Critical Accounting Policies and Estimates

 

The preparation of our financial statements and related disclosures in accordance with U.S. GAAP requires that we make judgments, assumptions and estimates that affect the amounts reported in the unaudited condensed consolidated financial statements.

 

The methods, estimates and judgments we use in applying our accounting policies have a significant impact on the results that we report in our financial statements. Some of our accounting policies require that we make difficult and subjective judgments, often as a result of the need to make estimates regarding matters that are inherently uncertain.
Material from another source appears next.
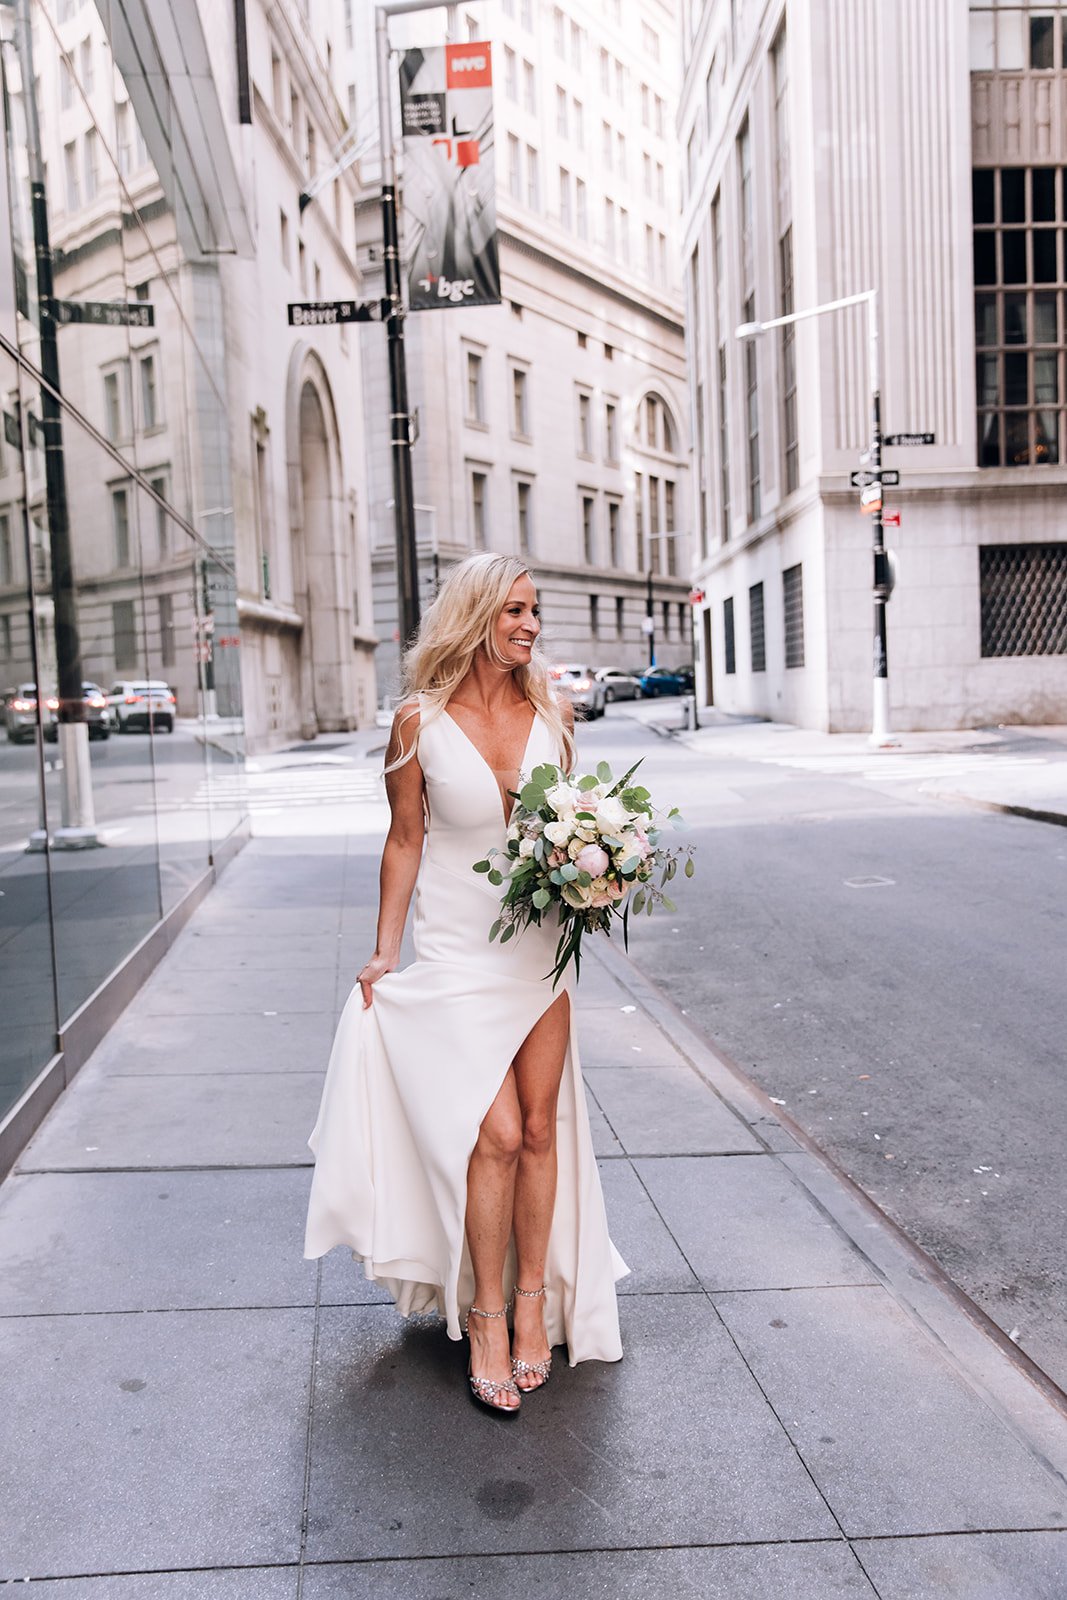 Intimate Wall Street Wedding With An Old New York Reception

We base our estimates and judgments on historical experience, current economic and industry conditions and other factors that we believe to be reasonable under the circumstances. Actual results may differ from our estimates under different assumptions or conditions.

 

Our most critical accounting estimates include the assumptions we use in the determination of the fair value of the earnout liability, the fair value of the PIPE make-whole liability, the fair value of common stock, stock-based compensation, the provision for income taxes, the accounting for business combinations and the measurement of definite-lived intangible assets.

 

Fair Value of Earnout Liability

 

We account for the earnout shares as liability-classified instruments because the events that determine the number of earnout shares to which the earnout recipients will be entitled include events that are not solely indexed to our common stock. We remeasure the earnout liability to its estimated fair value at the end of each reporting period.

 

We estimate the fair value of the earnout liability using a Monte Carlo simulation model that utilizes significant assumptions, including volatility, expected term and risk-free rate that determine the probability of achieving the earnout conditions. The following table summarizes the assumptions used in estimating the fair value of the earnout liability at the respective dates:

 

   December 21,
2023
(Closing)
  

March 31,

2024

 
         
Stock price  $10.66   $2.01 
Expected volatility   50%   60%
Risk-free rate   3.9%   4.1%
Contractual term   8 years    7.7 years 

 

Fair Value of PIPE Make-Whole Liability

 

We account for the make-whole shares as liability-classified instruments because the events that determine the number of make-whole shares we will be obligated to issue are not solely indexed to our common stock and we remeasure the PIPE make-whole liability to its estimated fair value at the end of each reporting period.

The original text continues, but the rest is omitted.